In non-ciclosporin A-treated recipients, prolonged survival of the transgenic hearts was achieved without specific manipulation of complement or antibody responses and accordingly, immunohistological analyses revealed patterns of antibody and complement deposition on intracardiac vessels similar to those seen in control BL/6 hearts. Before these experiments were performed, evidence from both in vitro and in vivo studies led us to predict that antibody and complement deposition within the transgenic grafts would, independently of any thrombosis and coagulation disturbances, promote significant pathology leading to rejection (17–19). However, transgenic organs appeared not to suffer any adverse consequence from the acute toxic effects of antibody and complement. By definition, these hearts have ‘accommodated’ to the conditions that would ordinarily mediate humoral rejection, although this work has not addressed the mechanisms by which the anticoagulant fusion proteins mediate this protection.
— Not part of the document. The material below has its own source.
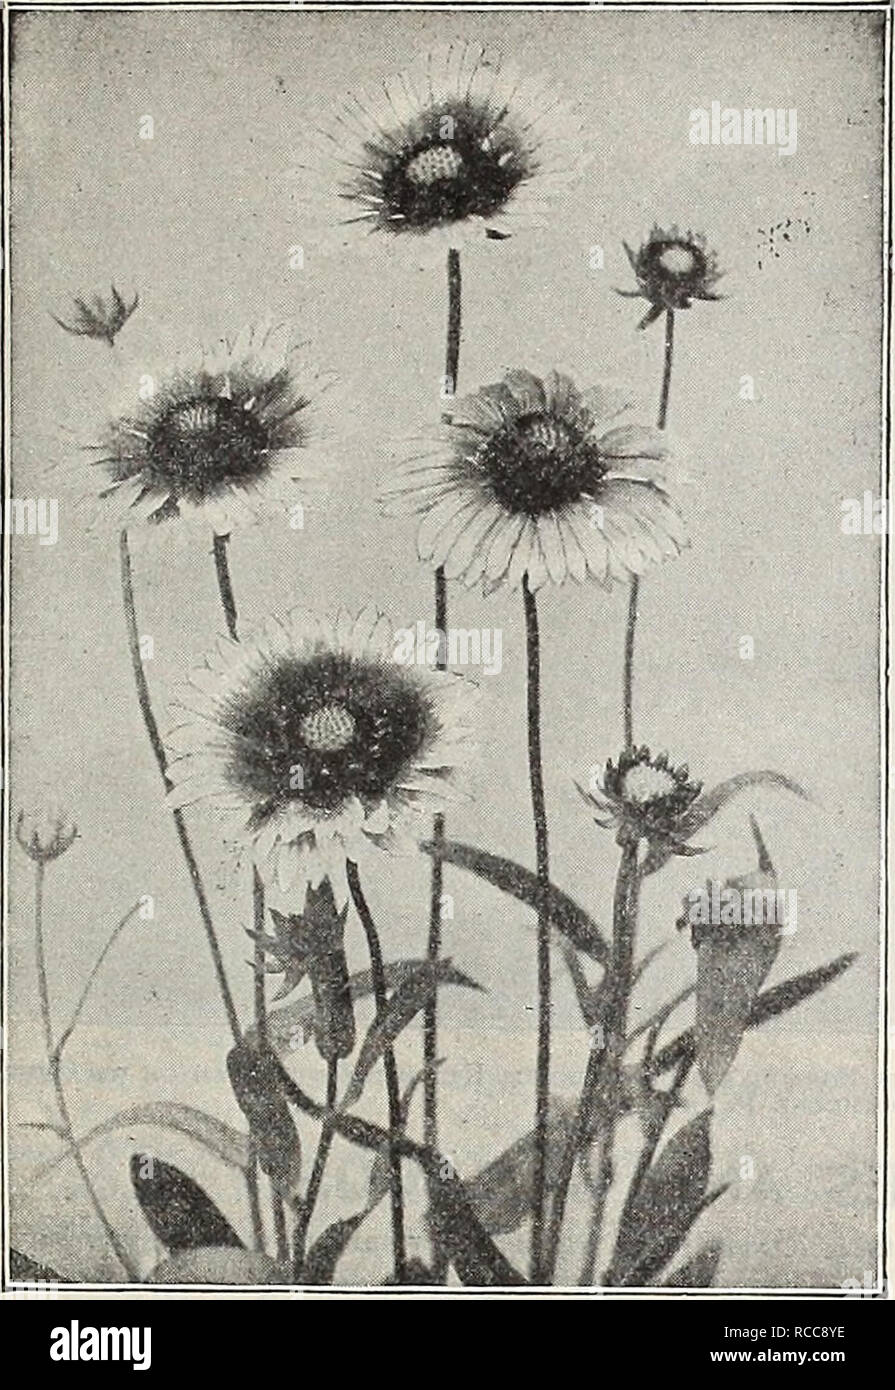 . Dreer's 1907 garden book. Seeds Catalogs; Nursery stock Catalogs; Gardening Equipment and supplies Catalogs; Flowers Seeds Catalogs; Vegetables Seeds Catalogs; Fruit Seeds Catalogs. 169. Gaillarima Gkandiflora. GLECHOMA, OR NEPETA. Variegata ( Variegated Groundsel, or Ground Ivy). A most usefull variegated creeper for growing over banks and stones in the rockery. 10 cts. each ; $1.00 per doz.; $7.00 per 100- GLOBULARIA. Tricosantha. A particularly pretty plant for a partially shaded position in the rockery, with small blue flowers in globular heads during July and August. 25 cts. each ; $2.5 Stock Photo

Importantly, hearts from the transgenic mice survived for >100 days in rats that received ciclosporin to inhibit T-cell-mediated rejection. These hearts appeared histologically normal, without evidence of arterisoclerosis, suggesting that expression of the anticoagulant fusion proteins may protect against the development of this lesion after xenotransplantation. We are currently investigating the hypothesis that activated coagulation factors play a significant role in the development of both the acute and chronic manisfestations of antibody- and complement-mediated rejection.

We propose that targeting anticoagulants to the EC of transplanted xenografts may have a significant impact on AHXR in pig-to-primate models and that the approach described here would be suitable for use in pre-clinical and clinical xenotransplantation, using pigs transgenic for fusion proteins based on TFPI and hirudin. An effective strategy to control intravascular thrombosis, used perhaps in conjunction with others to limit complement activation and antibody deposition, would represent a significant advance towards the goal of clinical xenotransplantation.

Acknowledgments

This work was supported by PPL Therapeutics plc and the Medical Research Council, UK. Imperial College London owns a patent on the use of membrane-targeted anticoagulants in xenotransplantation, which is currently licensed to Revivicor Inc., Pittsburgh.